Poco antes habían descargado y metido bajo techo el último carro de hierba, la cual
formaba parte del sustento de los animales durante el invierno. Con ello habían dado fin
a una de las distintas y duras recolecciones del campo, consistente en segar a dalle los
prados, picarlo varias veces a fin de que cortara bien, dar repetidas vueltas a los hilos
hasta que la hierba estuviera convenientemente seca, y, por último, el acarreo, siempre
pendientes del cielo, esperando que no lloviera.
Por fin, el padre, al tiempo que plegaba el periódico, dijo:
-Anda, Liborio, hijo; suelta las vacas y llévalas a la dehesa, que yo voy al lavadero a
ayudar a tu madre a subir los calderos de ropa.
Liborio, hijo único (cosa rara en el pueblo) y en los umbrales de la mocedad, cerró la
novela, echó un trago de vino y con un lacónico "voy", se dirigió hacia la
cuadra.
Con las dos vacas de la yunta y otra que estaba criando, atravesó casi todo el pueblo por
la calle de Abajo en dirección a la dehesa comunal próxima al mismo. Las metió y
tranquilamente, bien tieso, con el pecho fuera, marcando paquete y con las manos en los
bolsillos: "con trazas de chulo putas", que decía su padre cuando le veía
caminar así, comenzó a desandar el camino.

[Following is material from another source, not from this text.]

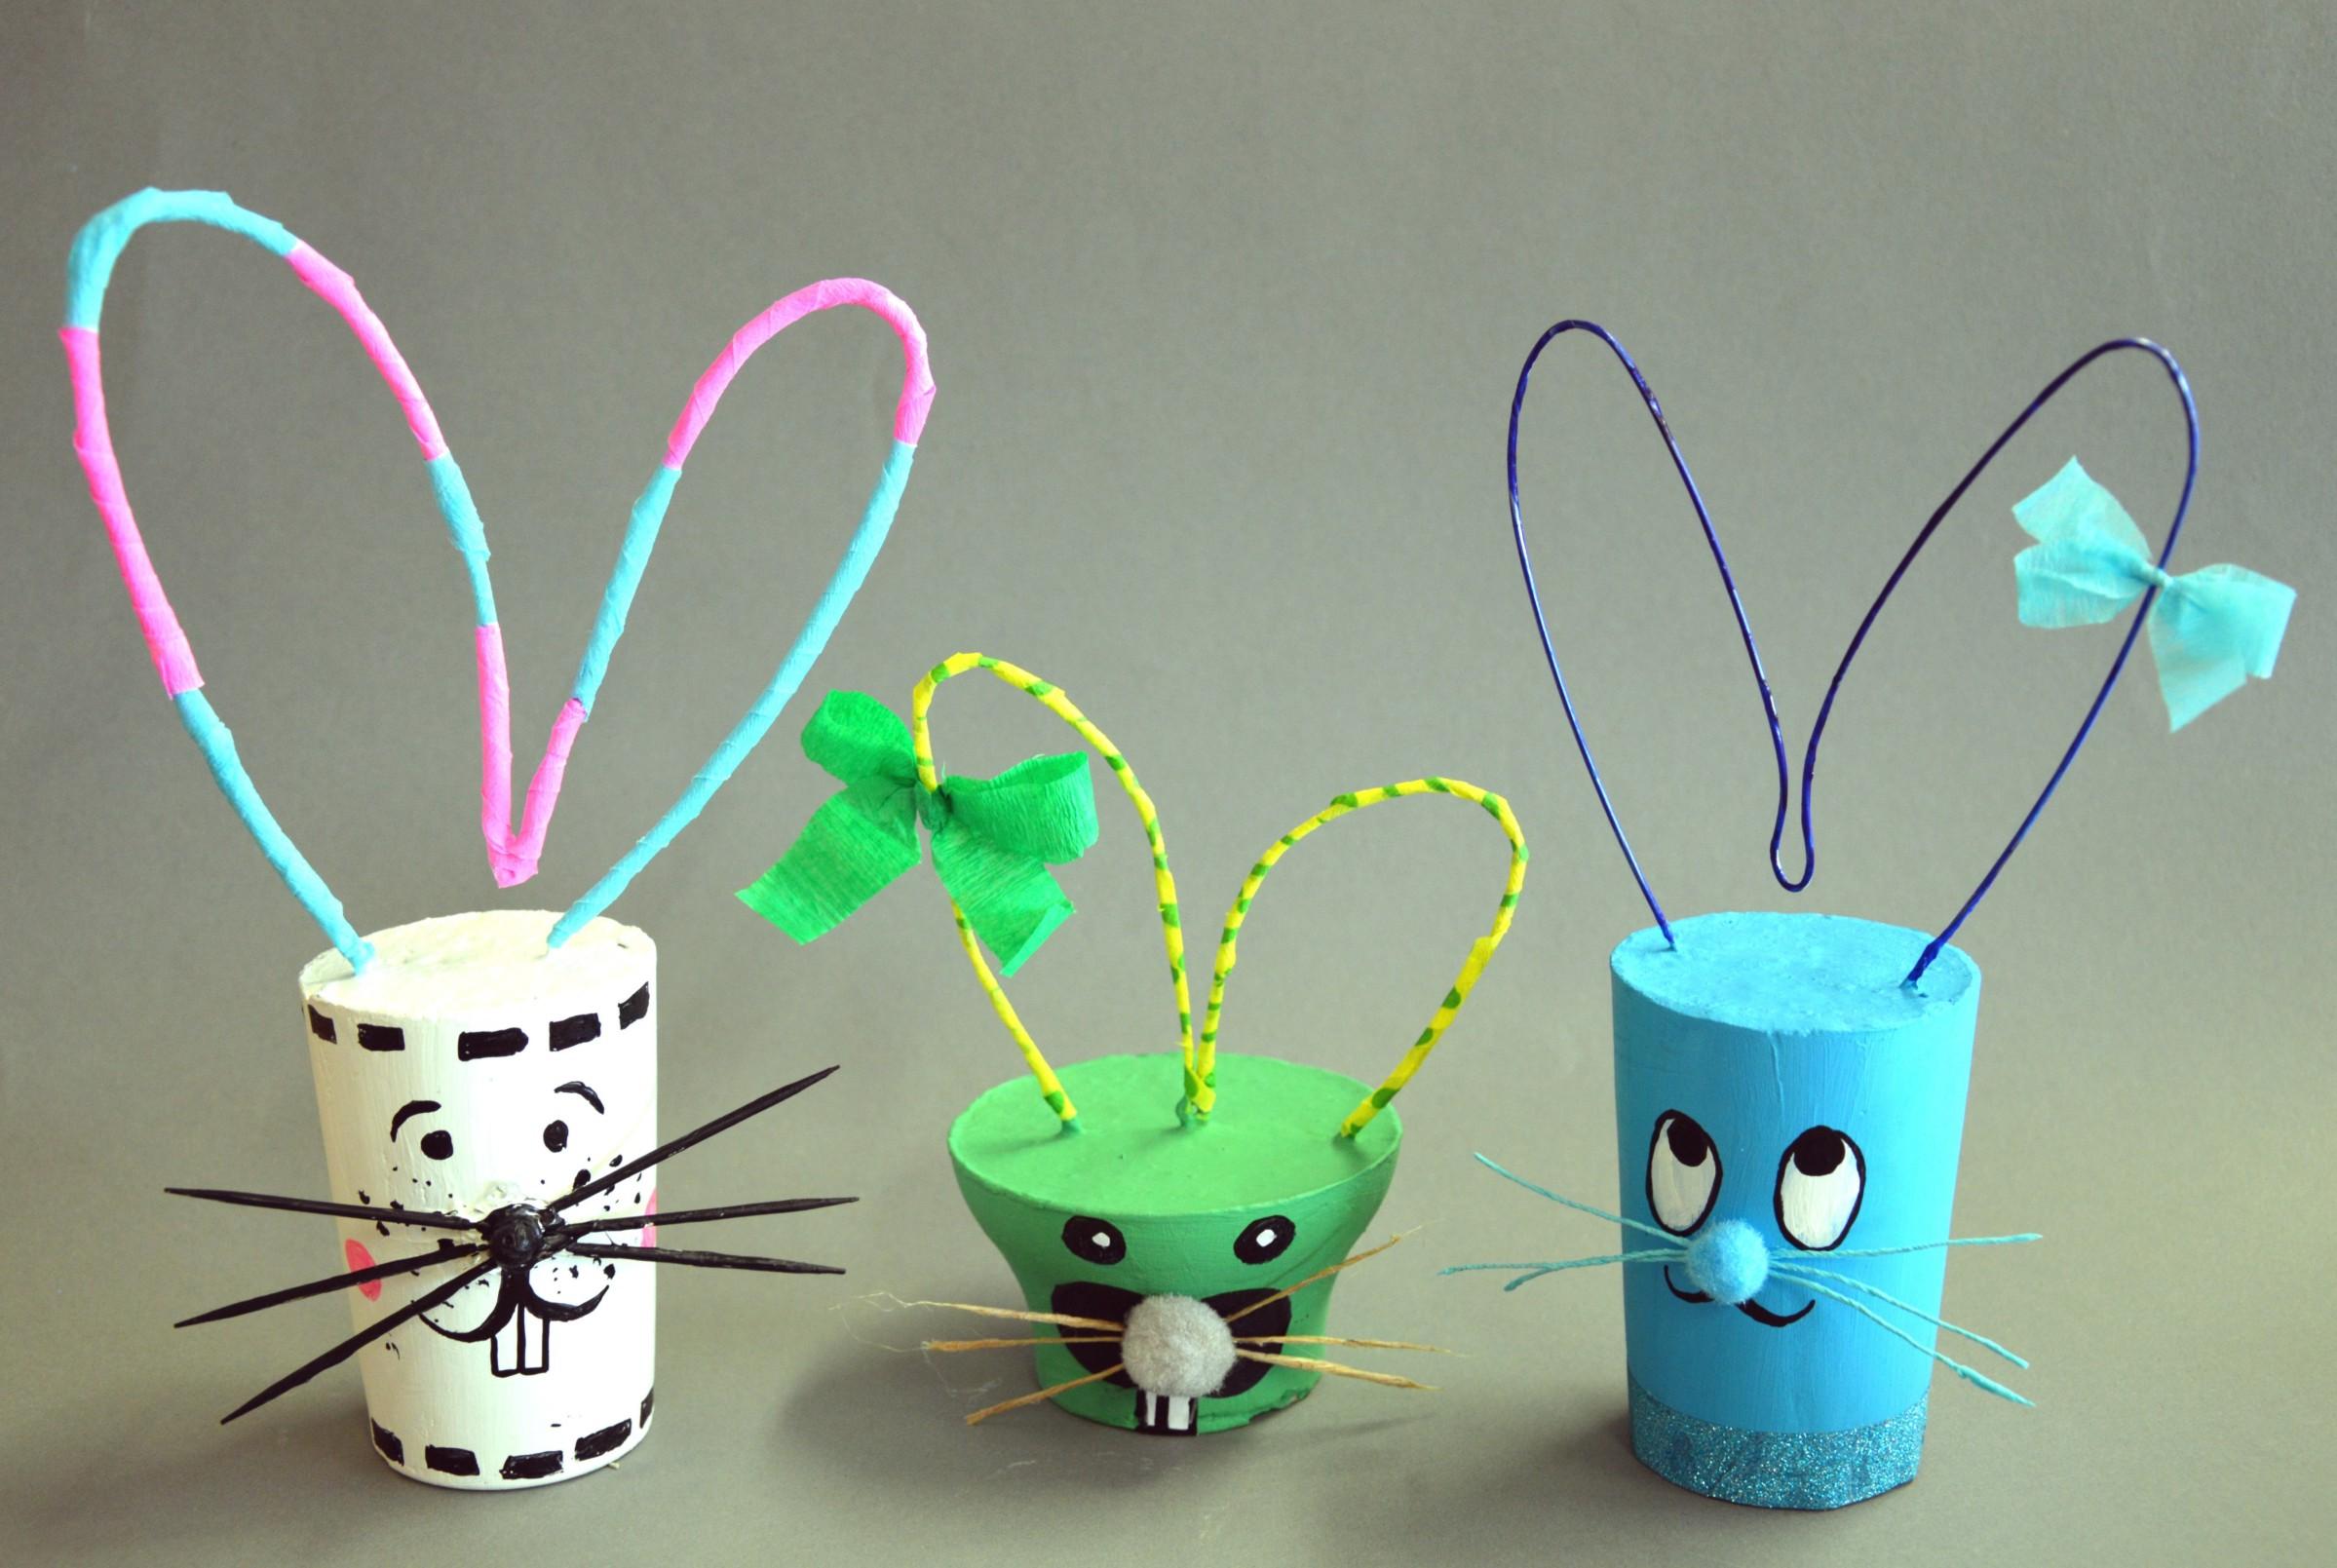 Wielkanocny Zajączek – rękodzieło – zabawy plastyczne

Al desembocar en una plazoleta donde las mujeres, sentadas a la sombra de unas acacias o
al solete, según época y tiempo, acostumbraban a darle con gusto y por igual a lengua y
aguja, las cuatro que allí había no le dejaron ni saludar: estaba claro, lo tenían
planeado. En cuanto le vieron asomar, abandonaron con inusitada celeridad, y a la par, sus
labores, y se abalanzaron sobre él, gritando: "A contarle los perrillos". Lo
derribaron, y mientras una le sujetaba las piernas, abrazada a ellas, dos se encargaban de
los brazos, en tanto que la Tomasa, sin el más mínimo rubor, le desabrochaba la
bragueta. Por fin había llegado el momento de rendirse, cual oveja ante su esquilador, a
aquella tradición paralela a la "oficial", y que, precisamente por serlo,
escapaba en ocasiones al único control posible, que era el del sentido común, pero cuya
espontaneidad y frescura compensaban los inevitables excesos en su cumplimiento y en
cualquier sentido.
Aunque era inútil, al principio intentó resistirse, cosa que, como era lógico,
enardeció aún más a aquellas cuatro mujeres casadas y todavía jóvenes, porque casadas
habían de ser las que dieran, en representación de todas las demás, su visto bueno al
"nuevo mozo", anticipándose, como siempre sucedía, al reconocimiento como tal
por parte de todos los mozos del pueblo durante una merienda, convenientemente regada y
que corría a cuenta del pobre neófito.
Así que la Tomasa, la más joven y atrevida, consiguió sin excesivas dificultades
abrirle "la sacristía", como ellas decían, los gritos y las risas resonaron
triunfantes en la tarde ya veraniega. "sácale el cura, que lo veamos todas",
decía una. Y la Tomasa: "que no se lo encuentro". Y otra: "a ver si no
tiene..." "Sí, aquí lo tengo; ¡y vaya, vaya!..., exclamó la Tomasa. "A
ver, a ver..., clamaban las otras.
Cuando ya estuvo su encogido y desmayado "cura" bien visible, la Tomasa apuntó:
"Para que un cura pueda decir bien la misa son necesarios los dos monaguillos
¿no?" "¡Venga, sácaselos también, y que los veamos todas!" -pidieron
las otras.
Así lo hizo. Y después de contemplar las cuatro a sus anchas las vergüenzas del pobre
Liborio, la Tomasa, sin el menor reparo, cogió su caído badajo y dijo a las demás:
"Venga; a contarle los perrillos. Que cada una diga uno". Y comenzó ella misma:
"Por la Luna del tío Garranchito". Y continuaron las demás. se trataba
de darle un tirón nombrando a la vez un perro del pueblo y a su amo, como a las orejas en
los cumpleaños, pero con ganas. "Por el Sol del Tomelosé"... "Por
el Madero del Churris..." Por la Chata del tío Matraco..." Los respectivos
tirones y consabidas frases iban acompañados de procaces comentarios, unas veces de
elogio y otras de burla: "Poco pelo tienes, así que poca alegría..." "Te
tiene que crecer un poquito más el badajo, amiguito..." "Pero a lo ancho no,
que ya está bien..." "No está mal el conjunto ¿verdad?"...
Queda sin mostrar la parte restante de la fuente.